Santa Casa de Maceió (AL) — Prova 2021
São considerados sinais de alerta para cefaleias secundárias os listados corretamente no item.
Cefaleia secundária → déficits focais, edema de papila, convulsão = Sinais de alerta.
A identificação de "red flags" em pacientes com cefaleia é crucial para diferenciar cefaleias primárias de secundárias, que podem indicar condições graves como tumores, hemorragias ou infecções. A presença de déficits neurológicos focais, edema de papila ou convulsões exige investigação imediata.
A cefaleia é uma das queixas mais comuns na prática médica, e sua correta avaliação é fundamental para diferenciar as formas primárias (benignas) das secundárias (potencialmente graves). As cefaleias secundárias são aquelas causadas por uma condição subjacente, como infecções, tumores, hemorragias ou distúrbios vasculares. A identificação precoce de sinais de alerta, ou 'red flags', é crucial para evitar atrasos no diagnóstico e tratamento de condições que podem levar a morbidade e mortalidade significativas. Os sinais de alerta para cefaleias secundárias incluem, mas não se limitam a, déficits neurológicos focais (como fraqueza em um membro, alteração da fala ou visão), edema de papila (indicativo de aumento da pressão intracraniana), convulsões, alteração do nível de consciência, cefaleia de início súbito e intensidade máxima em segundos (thunderclap headache), cefaleia progressiva ou que muda de padrão, e cefaleia que se inicia após os 50 anos. A presença de qualquer um desses sinais exige uma investigação neurológica aprofundada. A abordagem diagnóstica para cefaleias com sinais de alerta geralmente envolve uma história clínica detalhada, exame físico completo e exames complementares. A neuroimagem, como a tomografia computadorizada (TC) ou ressonância magnética (RM) do encéfalo, é frequentemente o primeiro passo para excluir causas estruturais. Em alguns casos, a punção lombar pode ser necessária para investigar infecções ou hemorragias subaracnóideas. O tratamento dependerá da causa subjacente identificada.
Os principais sinais de alerta incluem déficits neurológicos focais, edema de papila, convulsões, alteração do estado mental, cefaleia de início súbito e intensa (thunderclap), cefaleia progressiva e cefaleia que piora com manobras de Valsalva.
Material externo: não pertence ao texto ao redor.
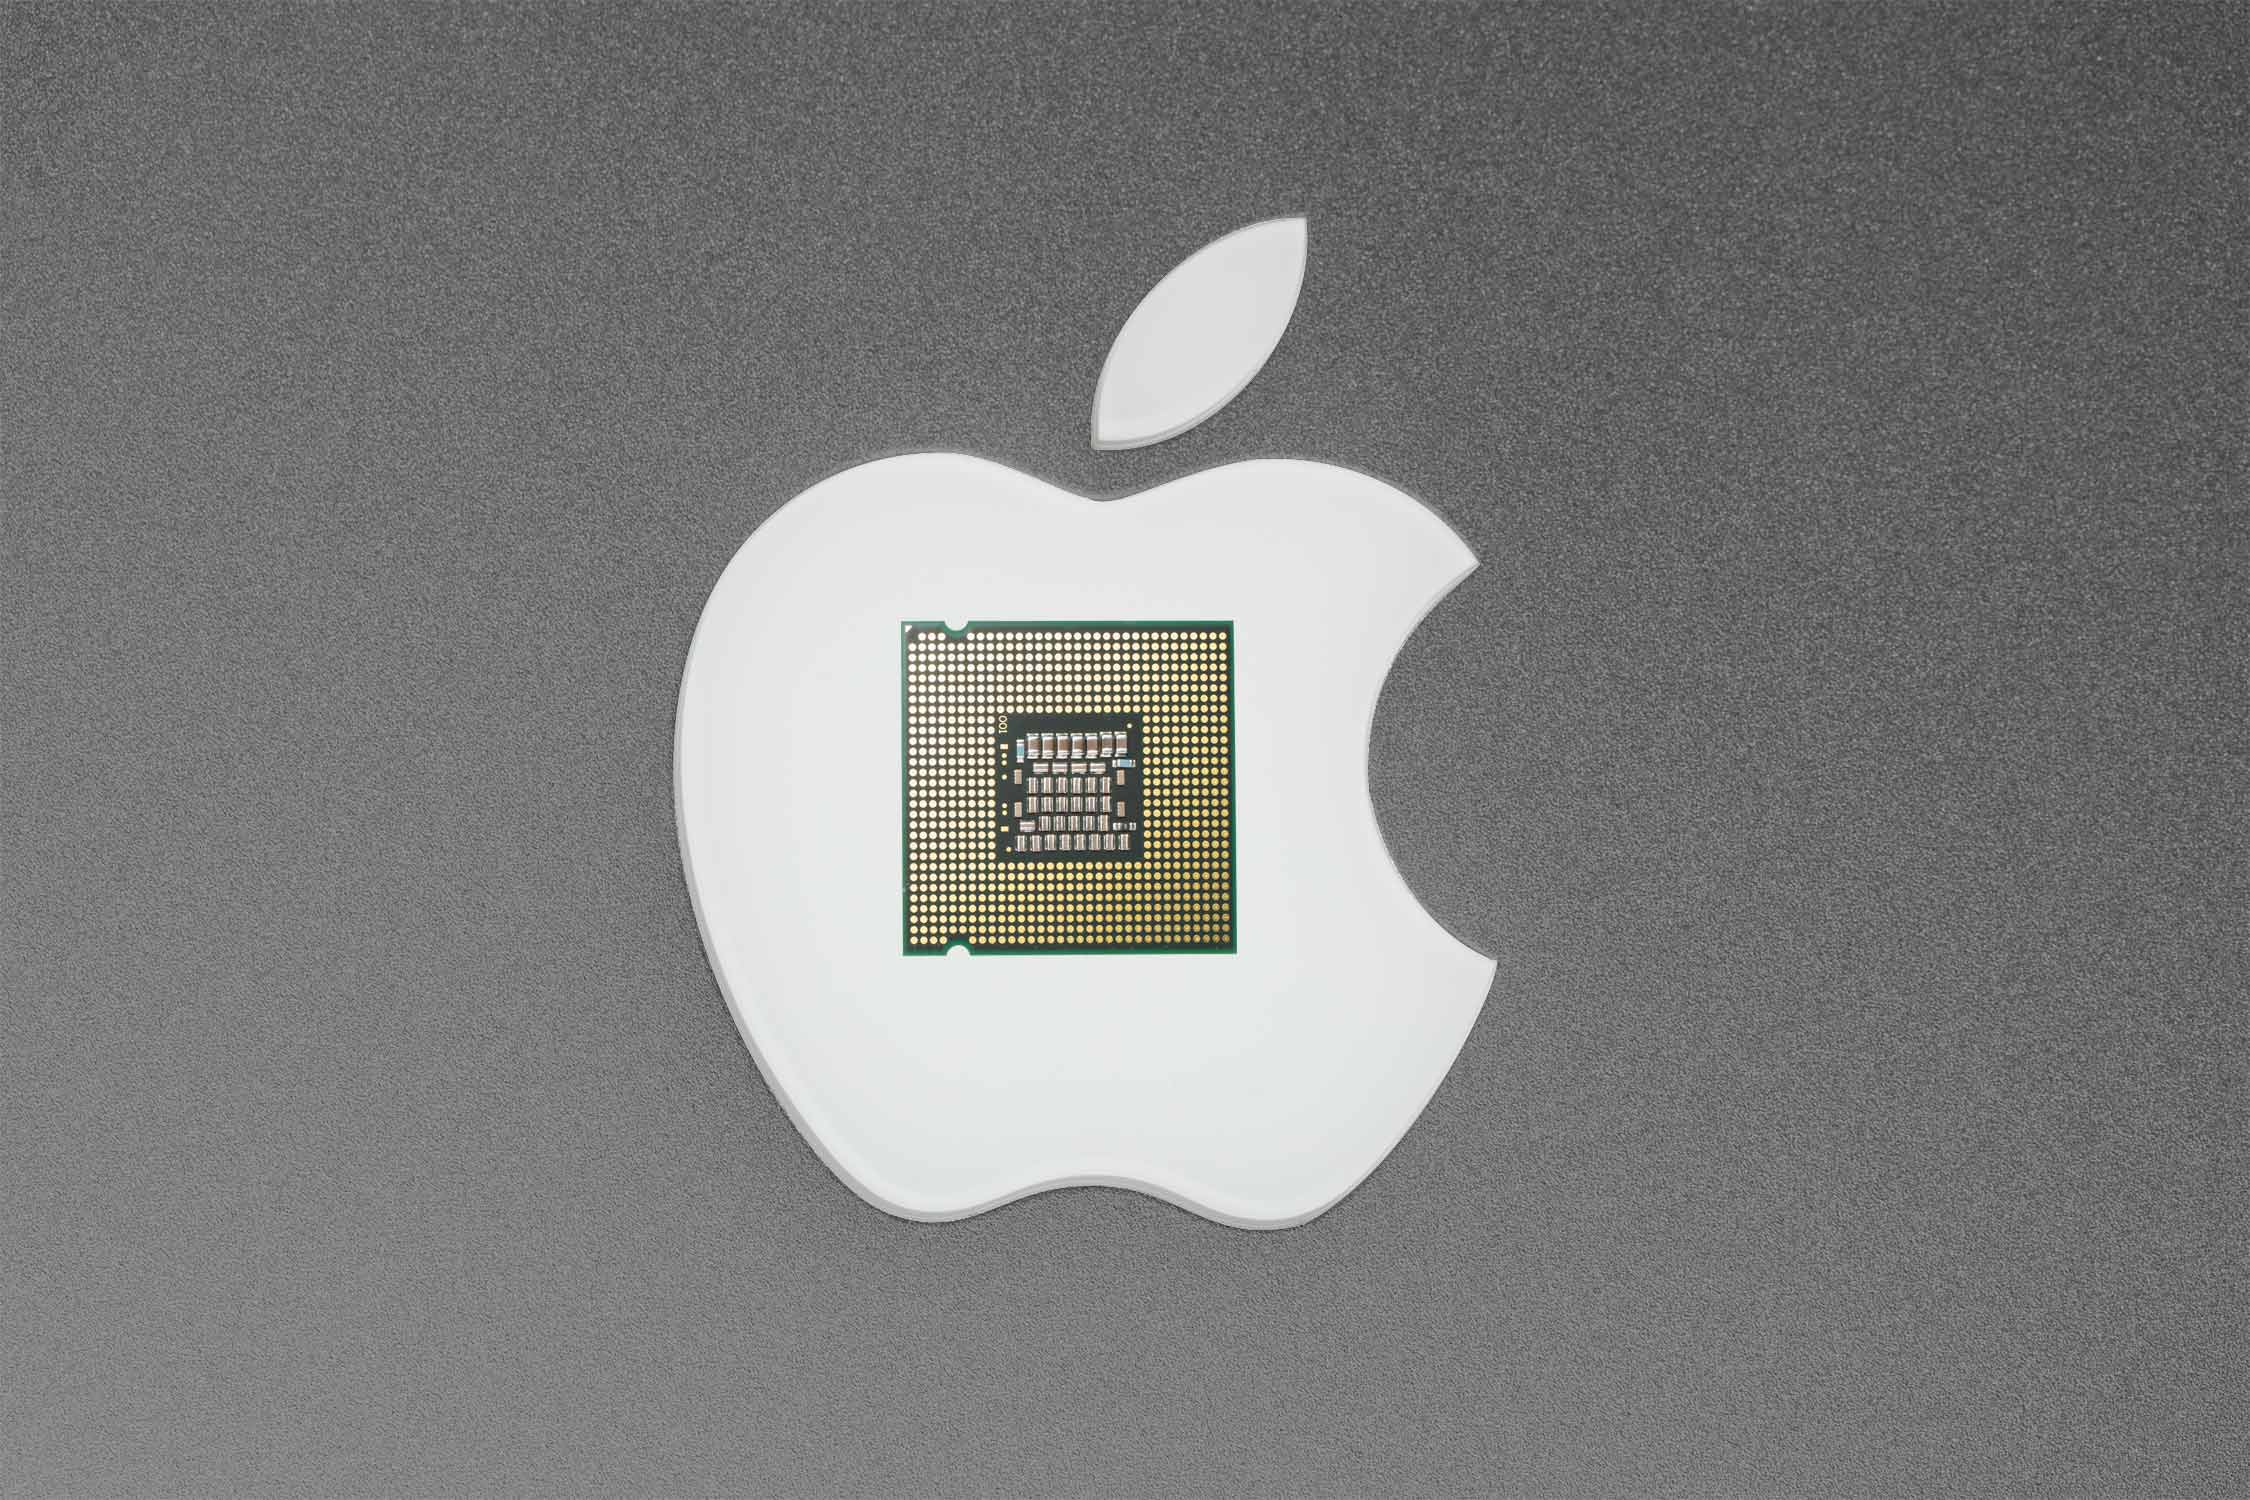 Logo da Apple e chip

É crucial reconhecer esses sinais para diferenciar cefaleias primárias benignas de cefaleias secundárias, que podem ser manifestações de doenças graves como hemorragias intracranianas, tumores cerebrais, meningite ou trombose venosa cerebral, exigindo intervenção urgente.
Na presença de sinais de alerta, a investigação inicial geralmente inclui neuroimagem (tomografia computadorizada ou ressonância magnética do crânio) e, dependendo da suspeita clínica, punção lombar para análise do líquido cefalorraquidiano.